The fractional excretion of sodium (FENa) measures what percentage of the sodium filtered by the glomerulus ends up in the urine. It is one of the most useful bedside tests for working out why a patient has acute kidney injury (AKI): is the kidney itself damaged, or is it simply starved of blood flow and holding onto sodium as hard as it can?
How it works
The calculator implements the standard formula:
FENa (%) = (UNa × PCr) / (PNa × UCr) × 100
where UNa and PNa are urine and serum sodium (mmol/L), and UCr and PCr are urine and serum creatinine. Creatinine acts as a marker of how much filtrate has been concentrated. Because creatinine appears in both the numerator and the denominator, its units cancel — so you can enter both creatinine values in mg/dL or both in µmol/L without converting.
A healthy or volume-depleted kidney reabsorbs almost all filtered sodium, giving a very low FENa. A kidney with damaged tubules (acute tubular necrosis) loses the ability to reclaim sodium, so a larger fraction is excreted.
Interpretation
In oliguric AKI with no recent diuretics:
- FENa < 1% — pre-renal azotaemia. The kidney is sodium-avid; restore perfusion (fluids, treat the cause).
- FENa 1–2% — indeterminate; correlate clinically.
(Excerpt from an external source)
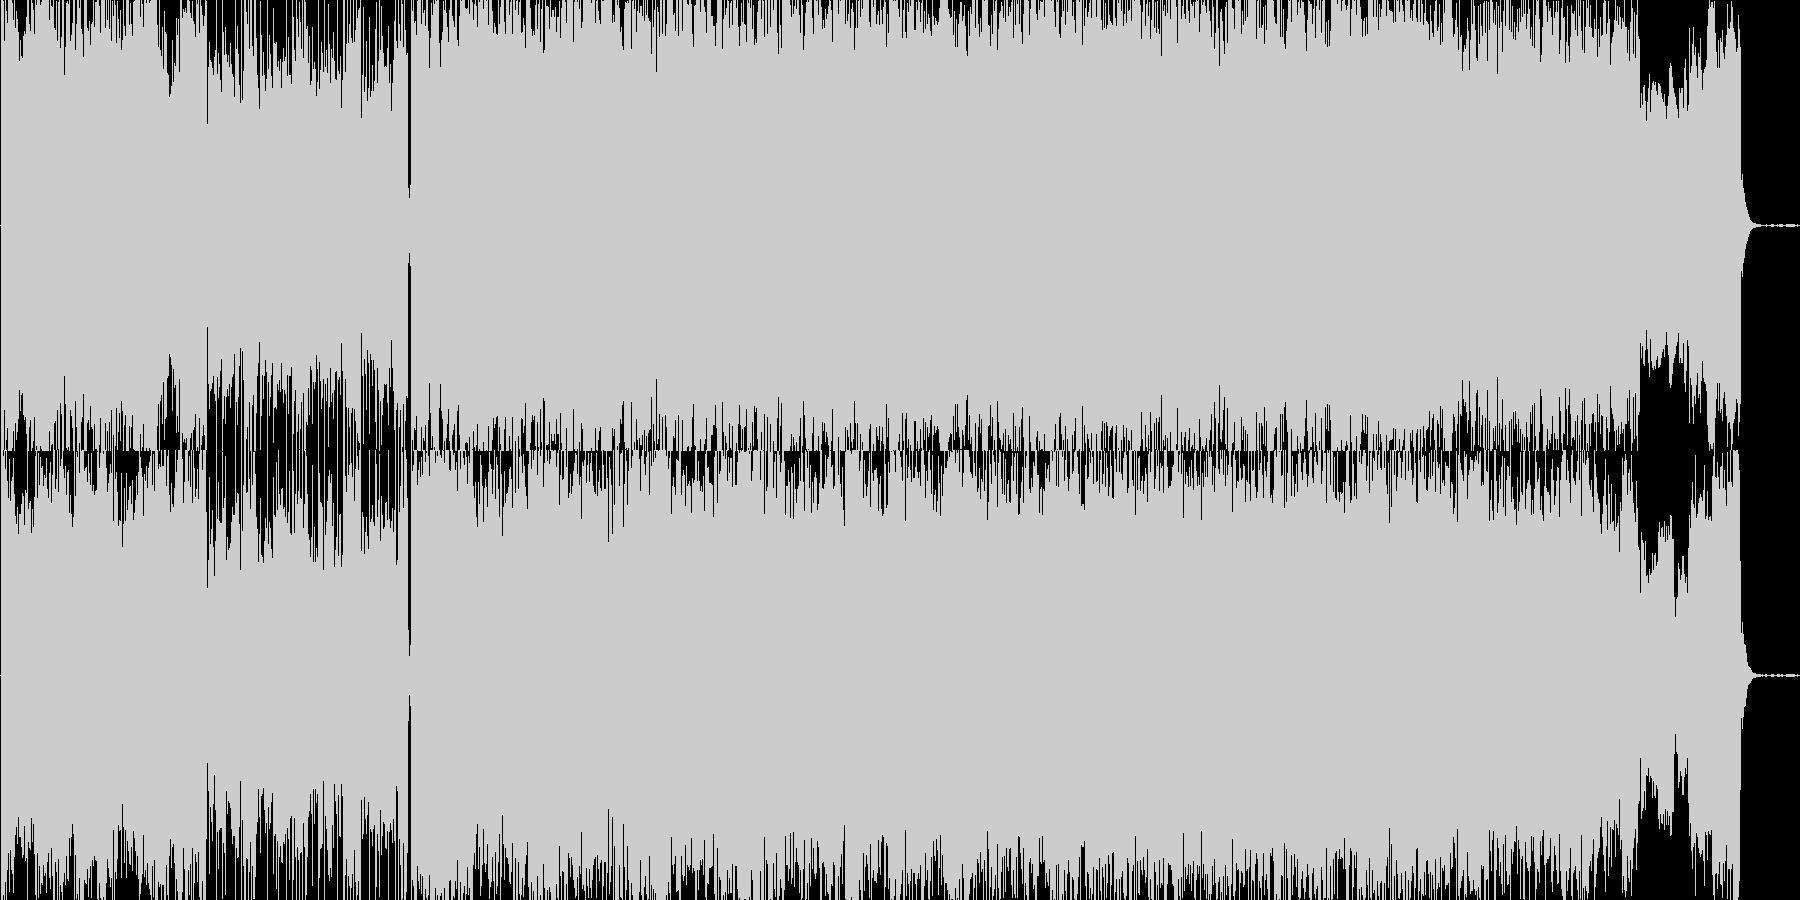 ホラーテイストのBGMの未再生の波形
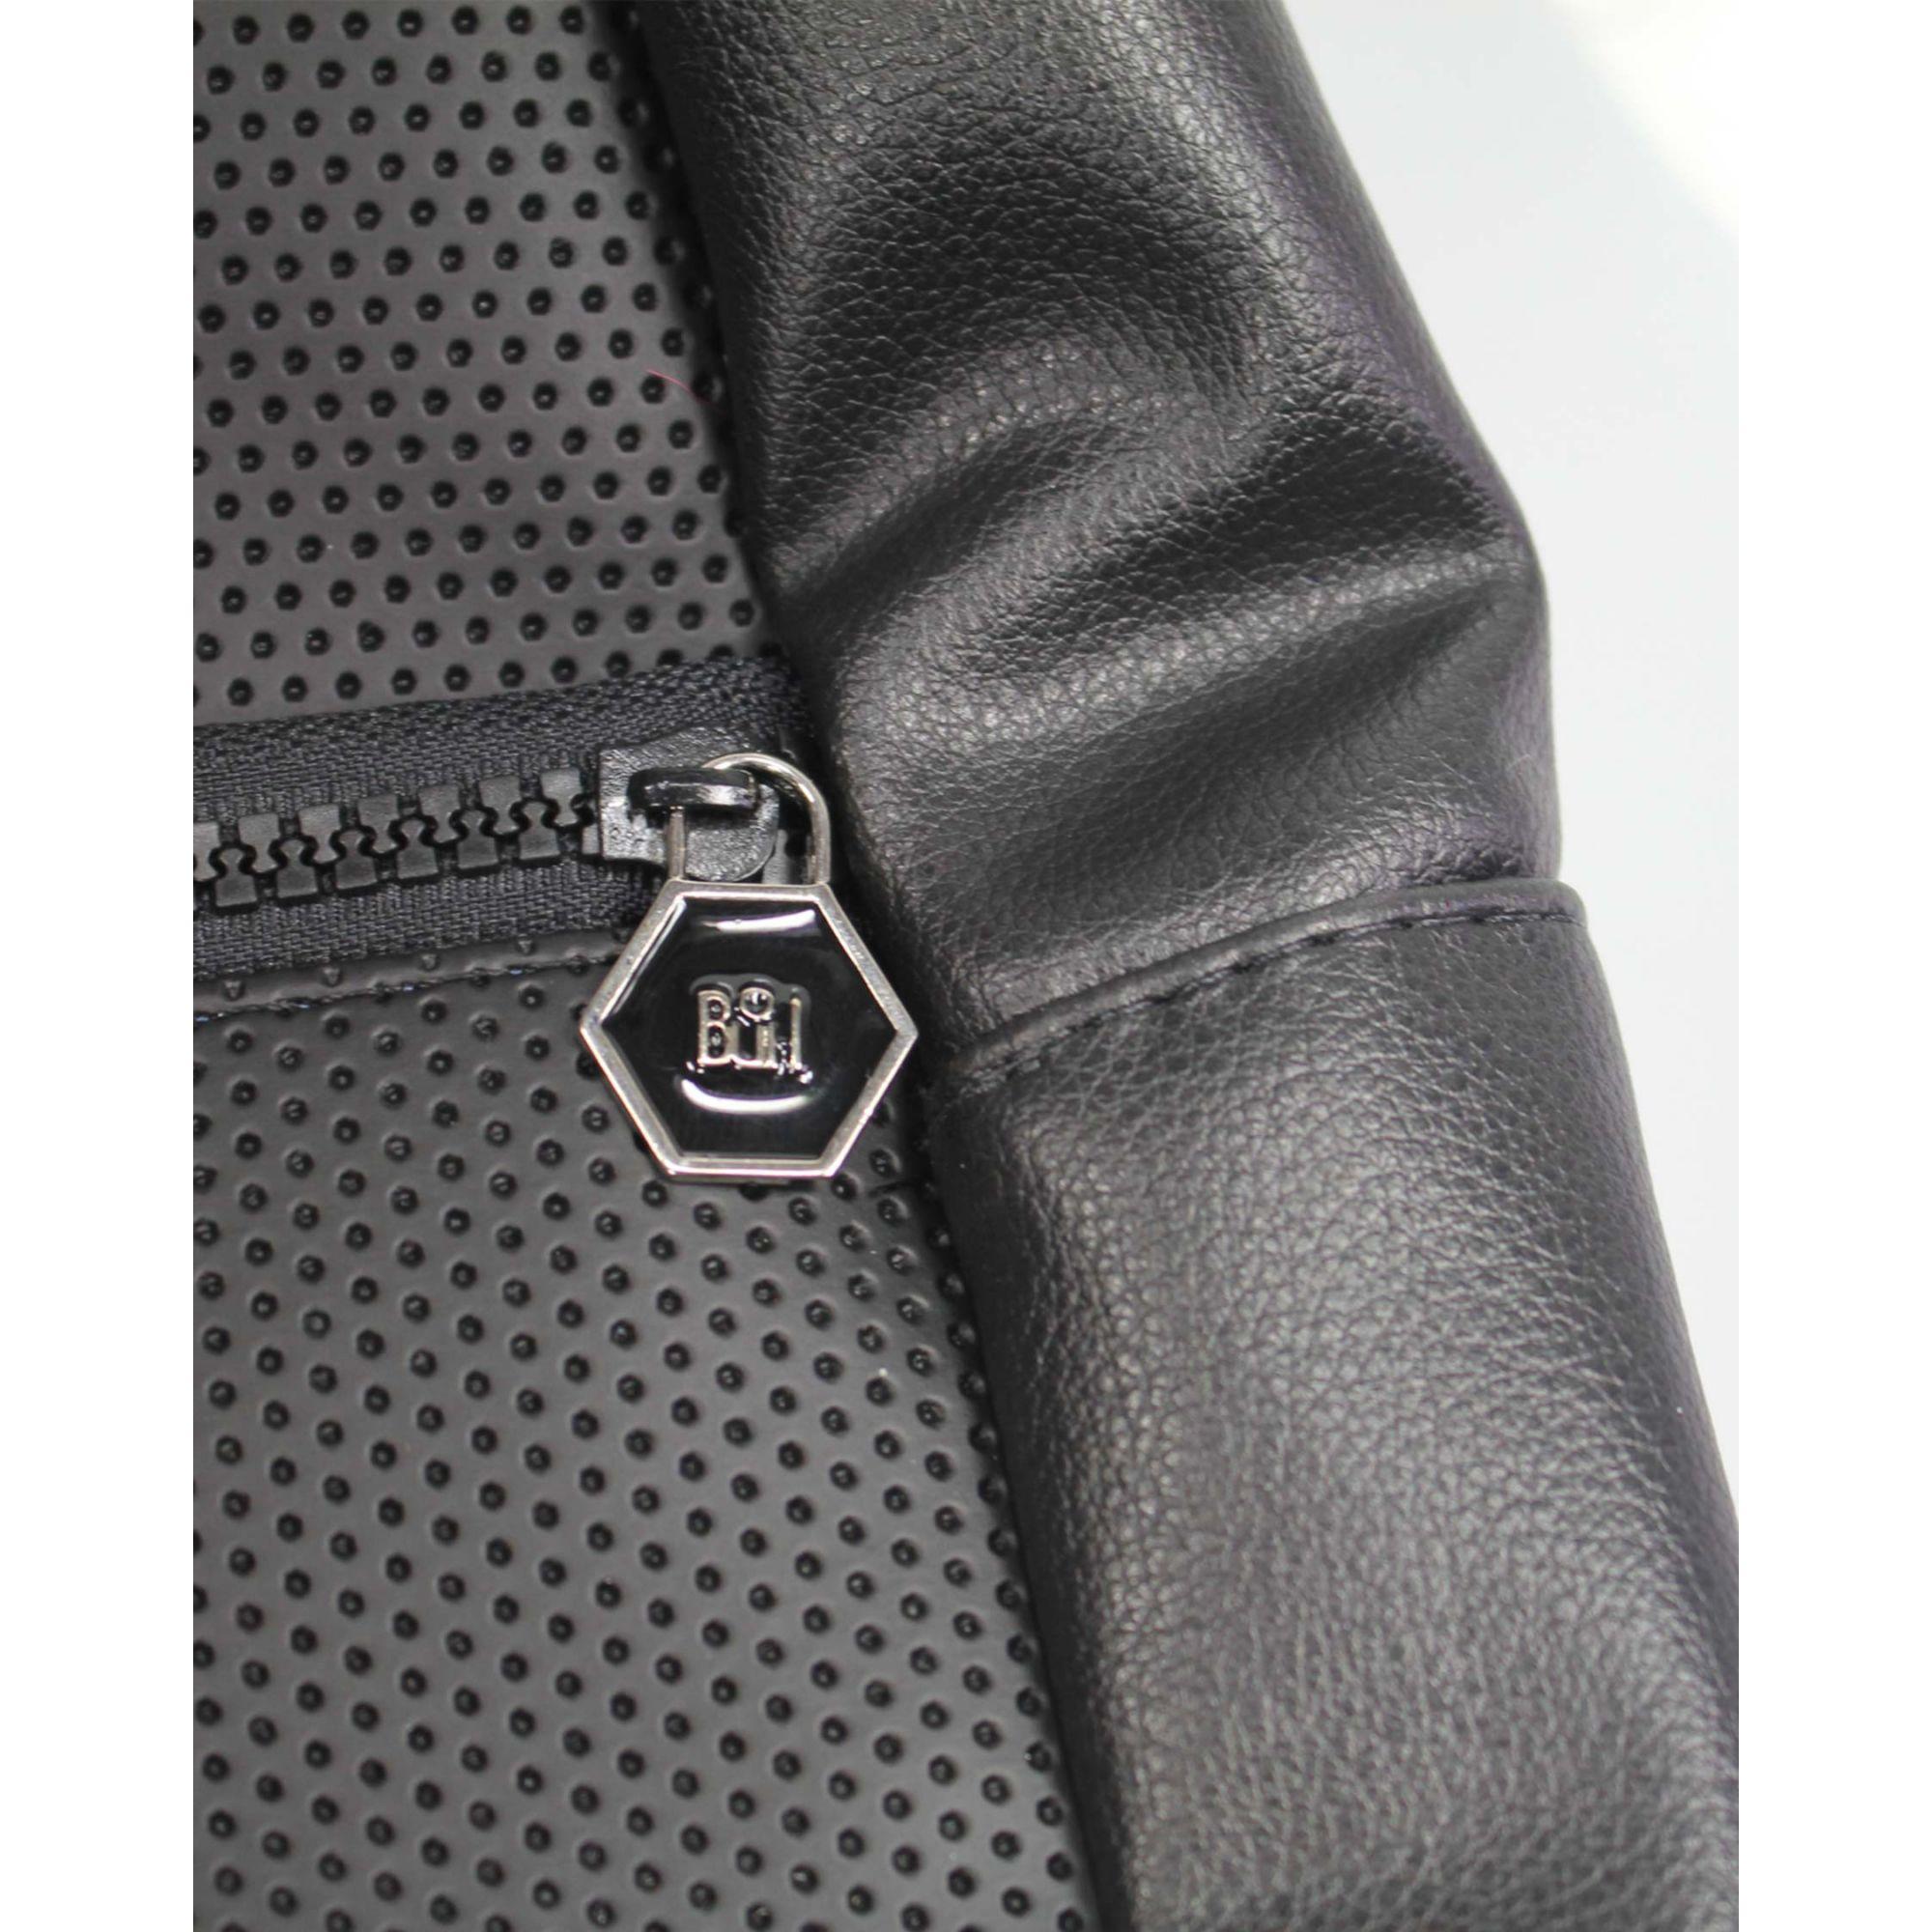 Mochila Buh Dedo Logo Black

- FENa > 2% — intrinsic renal failure, classically acute tubular necrosis.
Notes and pitfalls
FENa is only meaningful in oliguric AKI. It is invalid after loop diuretics — furosemide blocks sodium reabsorption and pushes FENa up regardless of cause; in that situation use the fractional excretion of urea (FEUrea < 35% favours pre-renal). A low FENa can also be seen in intrinsic injury from contrast nephropathy, early sepsis, rhabdomyolysis, acute glomerulonephritis, and hepatorenal syndrome. Treat the number as one data point alongside the history, volume status, and urine microscopy. All calculation runs locally in your browser; nothing is sent to a server.